ImageThe Five Love Languages, as defined by Dr. Gary Chapman, a well-known expert on marriage, are: Words of Affirmation, Quality Time, Receiving Gifts, Acts of Service, and Physical Touch. Each individual has dominant love languages, which significantly impact relationships. Some relationships forgo one love language altogether, for example a pair of life-long friends may never utter the phrase “I love you,” but love one another deeply. In The Princess Bride Wesley shows his love for Buttercup through acts of service, followed by three other little words: “As You Wish.” Just as there is no “right” way to learn, there is no “right” way to love another person. We all love in our own way, in our own style.

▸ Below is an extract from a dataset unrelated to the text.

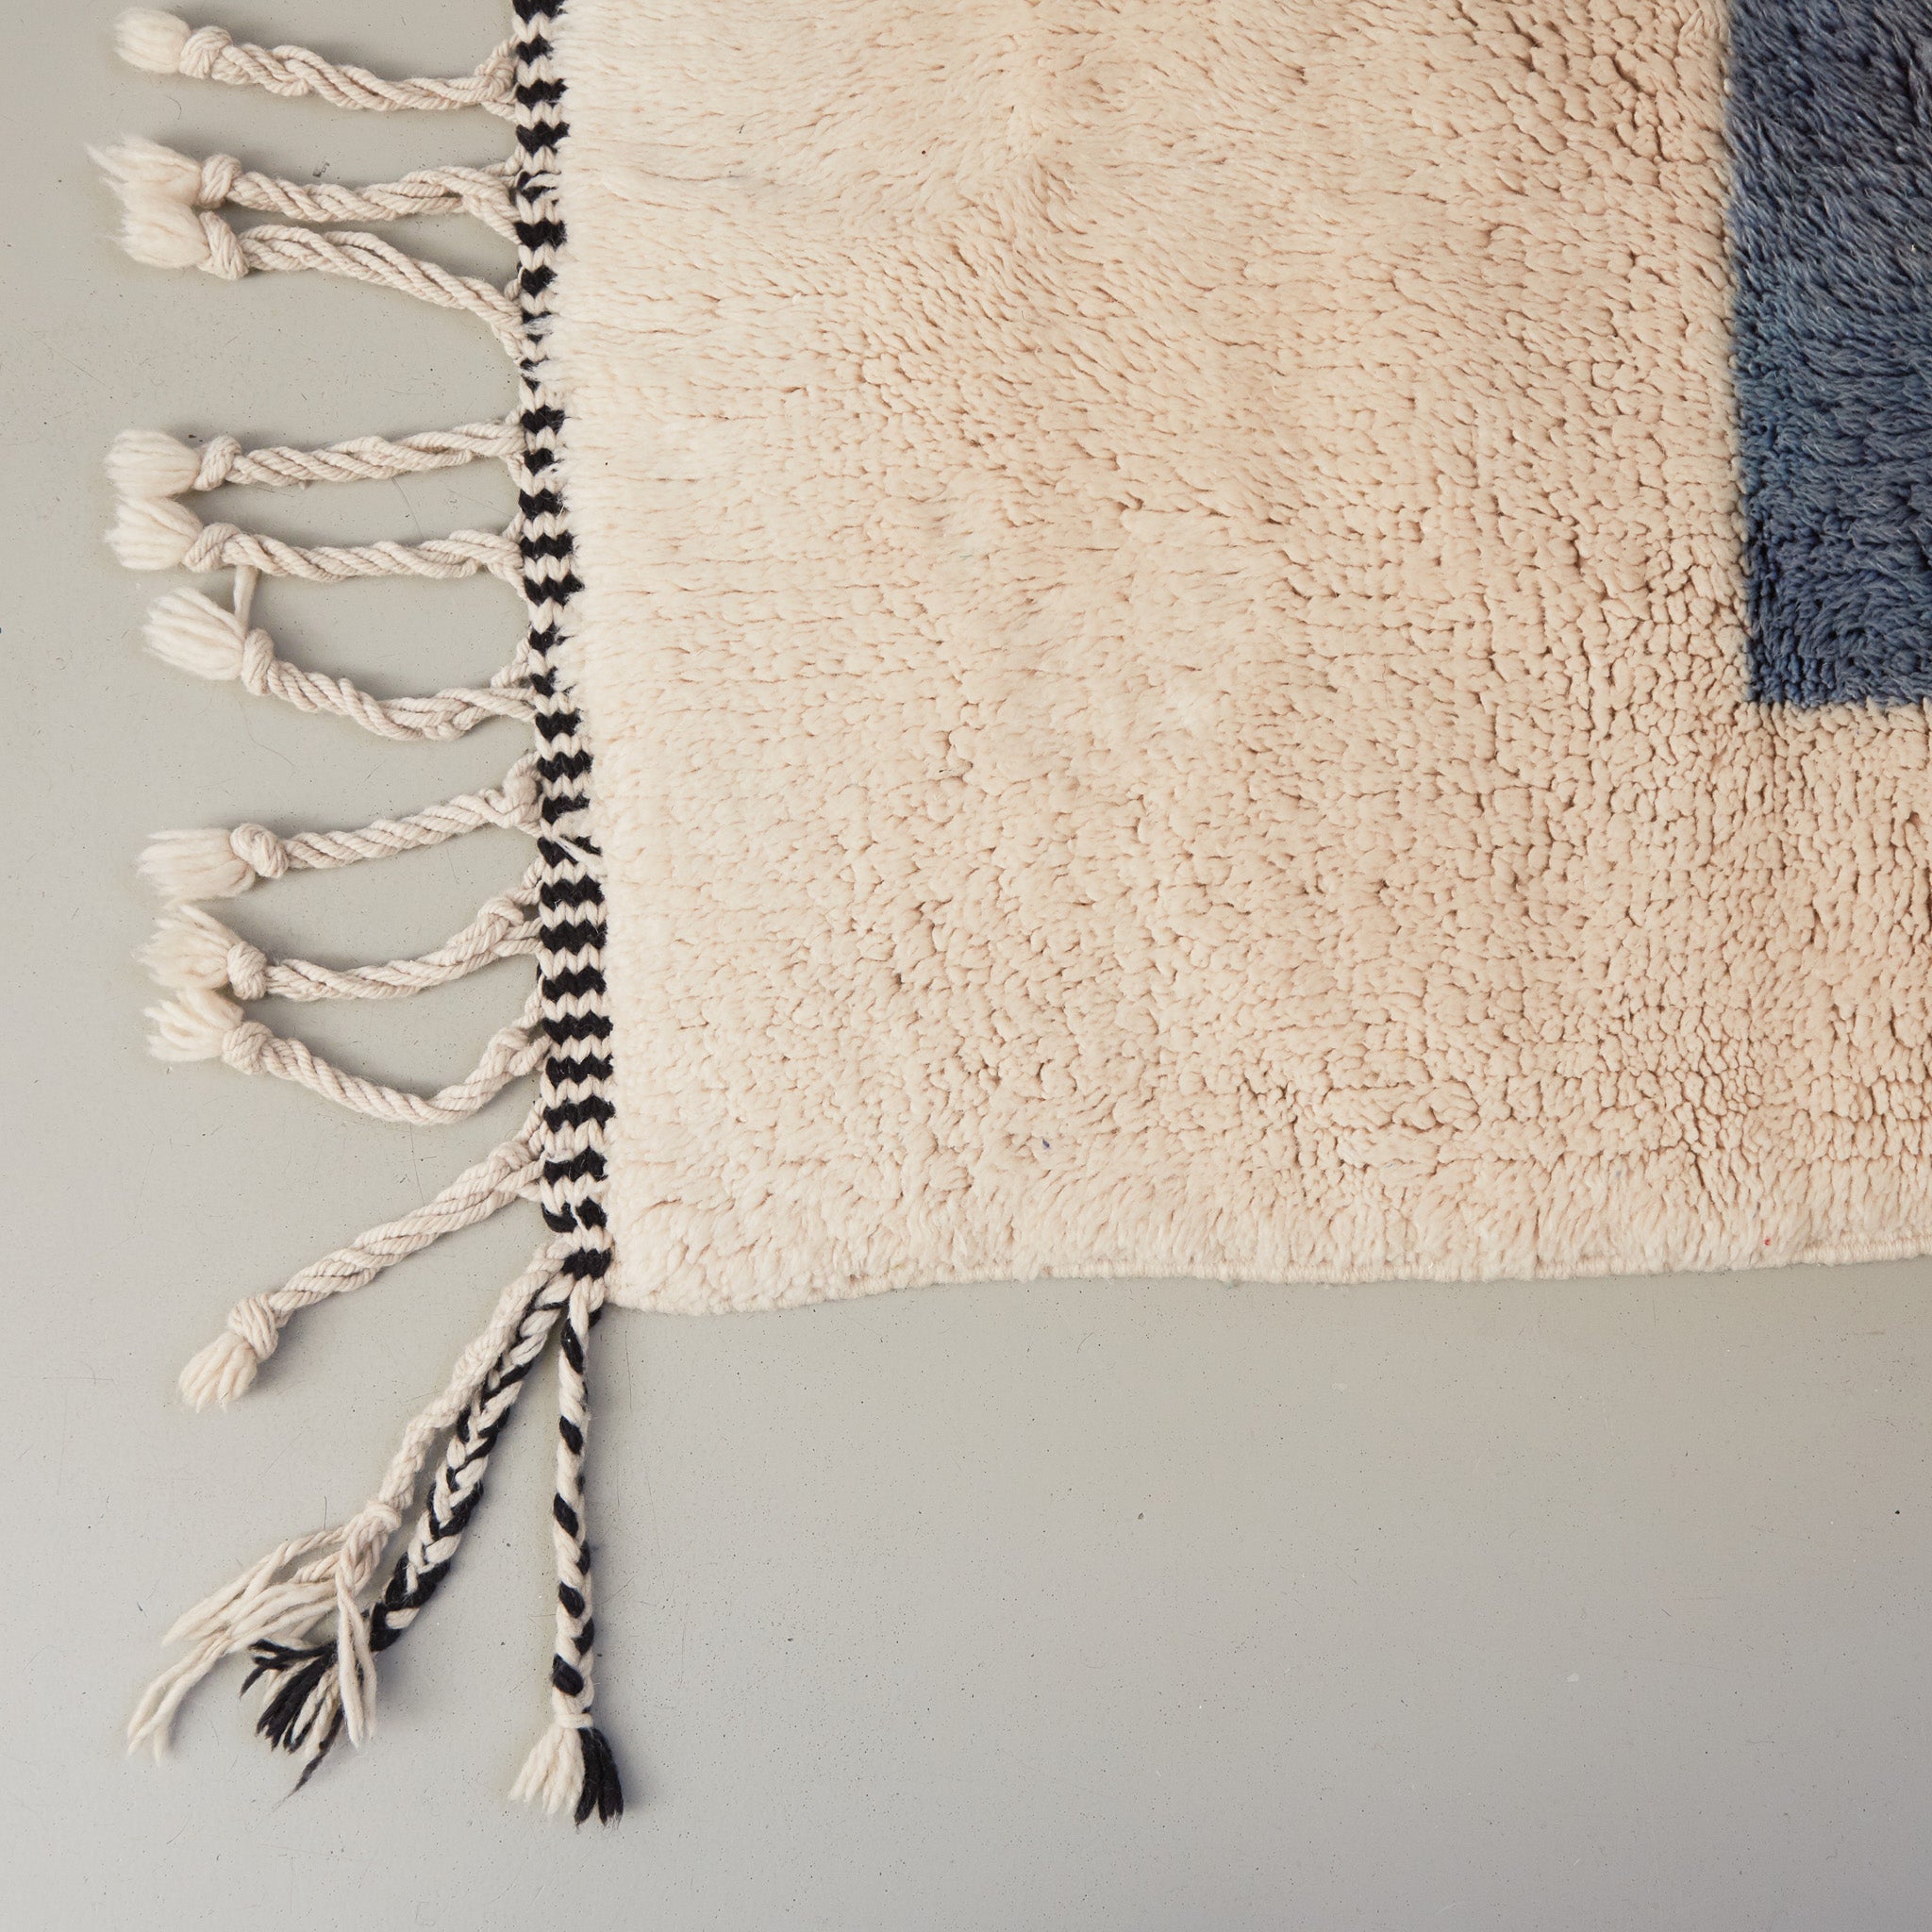 dettaglio della frangia bianca e nera e della lana bianca e azzurra di un tappeto beni mrirt

Loving others is my life’s ultimate joy. I’m fortunate in that I also like all the people I love. Therefore, I enjoy spending time with them. “Quality Time” is my dominant love language. If I love you, I want to be with you; I want to spend time with you; I want you around; I want to hang out; I want to come early to the party and stay too late. I communicate my desire to spend quality time with my friends and family when I invite them over for brunch and out for drinks and for a picnic, or just for coffee or to talk. The people in my life are the stars that light my universe.

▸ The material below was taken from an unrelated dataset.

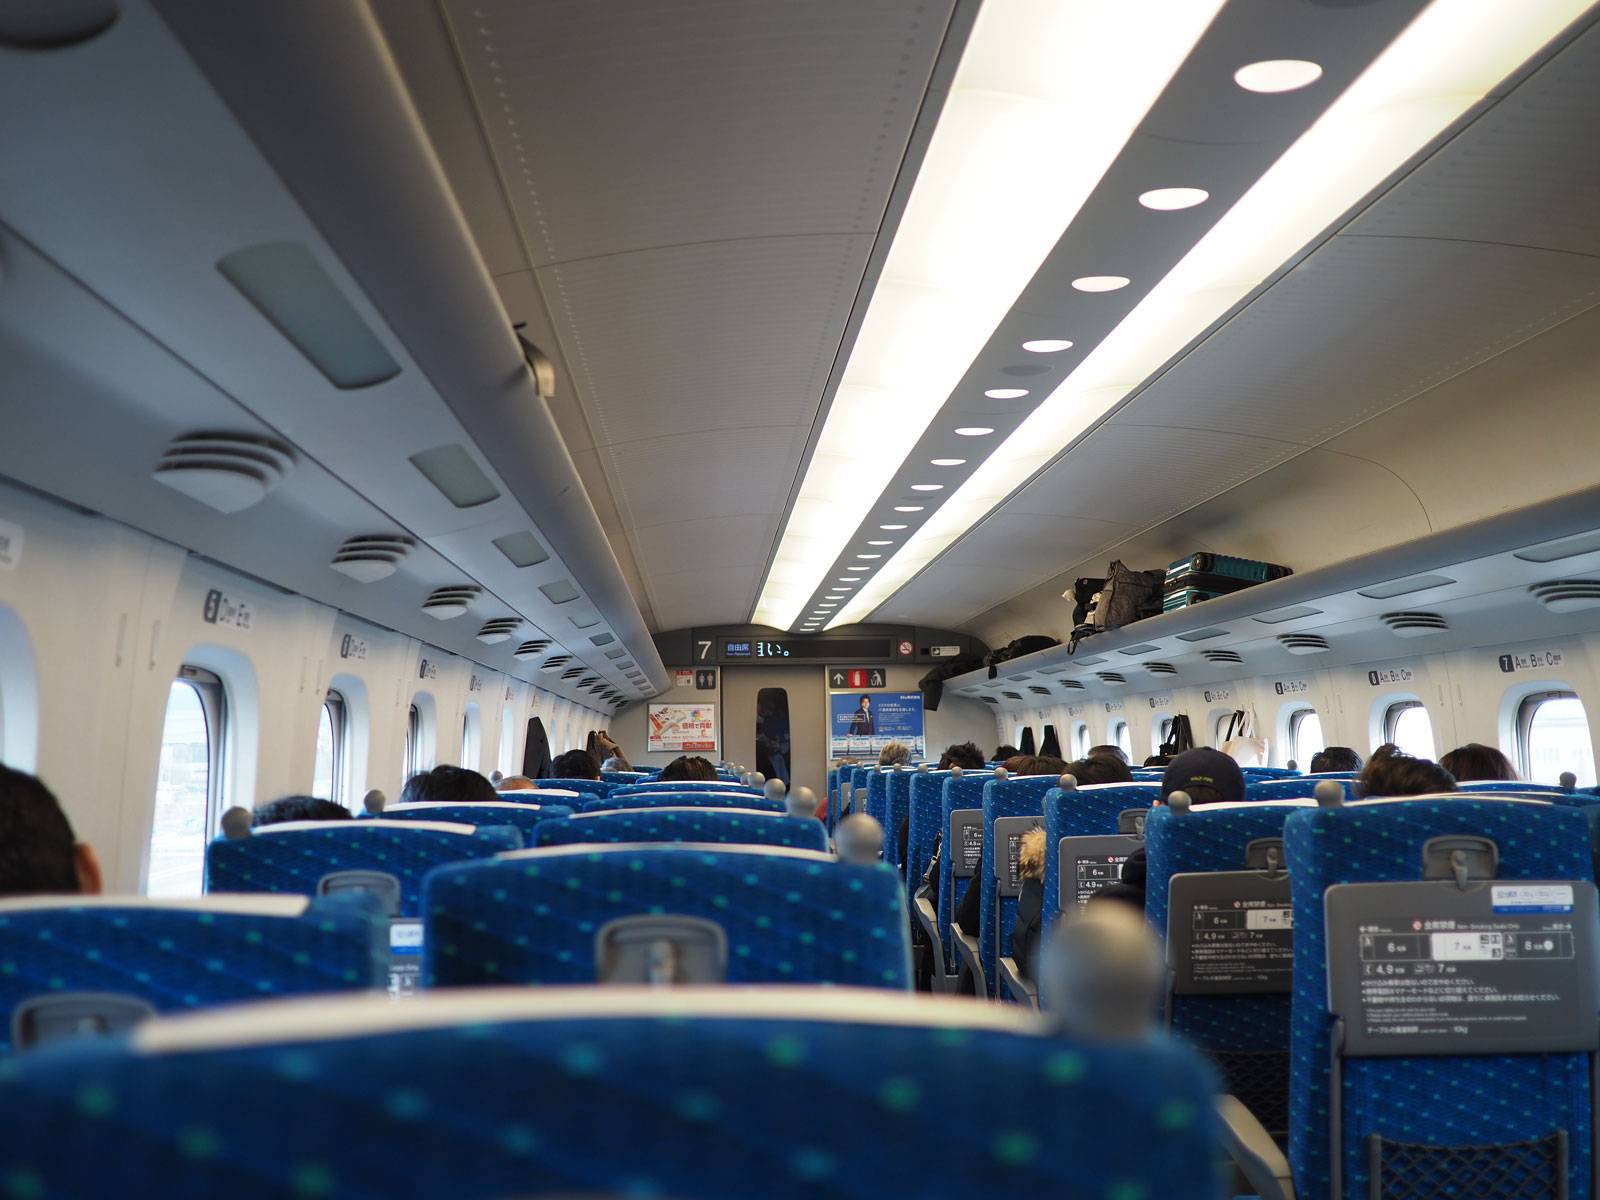 Inside the Shinkansen train car

“Words of Affirmation” are second on my list of love languages, fitting for a student of poetry. My favorite love poem is the Imageevocative and provocative “I like my body when it is with your body” by ee cummings. If I can’t write you a poem, I will send you a long letter. When I go on a trip, I always send postcards. Spend time with me, and you’ll hear the way I love you: I’ll call you ‘kitten’ or ‘sis’ or ‘dear’ or ‘darling’ or ‘doll’ or ‘doll face’ or ‘sugar plum’ or ‘baby shugs’ or ‘pumpkin’ or ‘sweetheart’ or, Maria’s favorite, ‘sweet potato’. Terms of endearment: love gift-wrapped in words. I am quick to say “I love you,” quicker now that I’m older, wiser, too.

The next category is “Acts of Service.” Need a hand? I’m happy to help (just no whole-house moving, I’m too old for that shit). I want to paint your living room. I want to babysit your son and read him a story. I want to pick you up from the airport, mostly because doing these things means I have more time with you. Friends make running errands wonderfully fun. When loading ice and beer into the back seat of Stacy’s car in preparation for her birthday party, I said, as I often do, “many hands make light work,” an aphorism intrinsic to anyone from a large family. I loved doing yard work with my brothers and sisters. In my capacity as a volunteer for 826Chicago,  I experience the pleasure of helping children with their homework. The homework may not be a treat, but the sense of pride and accomplishment visible on a child’s face when he or she has completed a task is pure gleam.

Next on the continuum of my preferred loving styles is “Physical Touch.” I grew up with a family light on physical touch. We hug, but not often. Conversely, my Urban Family and I hug constantly; cheek kissing is frequent, too. Our own Hanna & Ryan are always touching, sweetly holding hands seemingly every moment. The human need for physical touch is well documented. The sick become well more quickly after receiving healing touch. Still, the amount of touch can be adapted to the relationship and circumstance; each relationship is another shining creature in the sea of love.

Last on my list, no surprise, is “Receiving Gifts.” I appreciate and cherish the many thoughtful gifts I have received over the years, but I certainly don’t expect them. By all means, continue to send me flowers, because flowers make me feel like this. Yet having my friends around, spending time with them is the best gift—“your presence is present enough.”

Love is a source of endless inspiration, and with good reason. Love takes all forms and floods all things with meaning.  Love is personal and universal, minuscule and magnificent, infinitesimal and infinite.  It doesn’t matter how we love, just that we do.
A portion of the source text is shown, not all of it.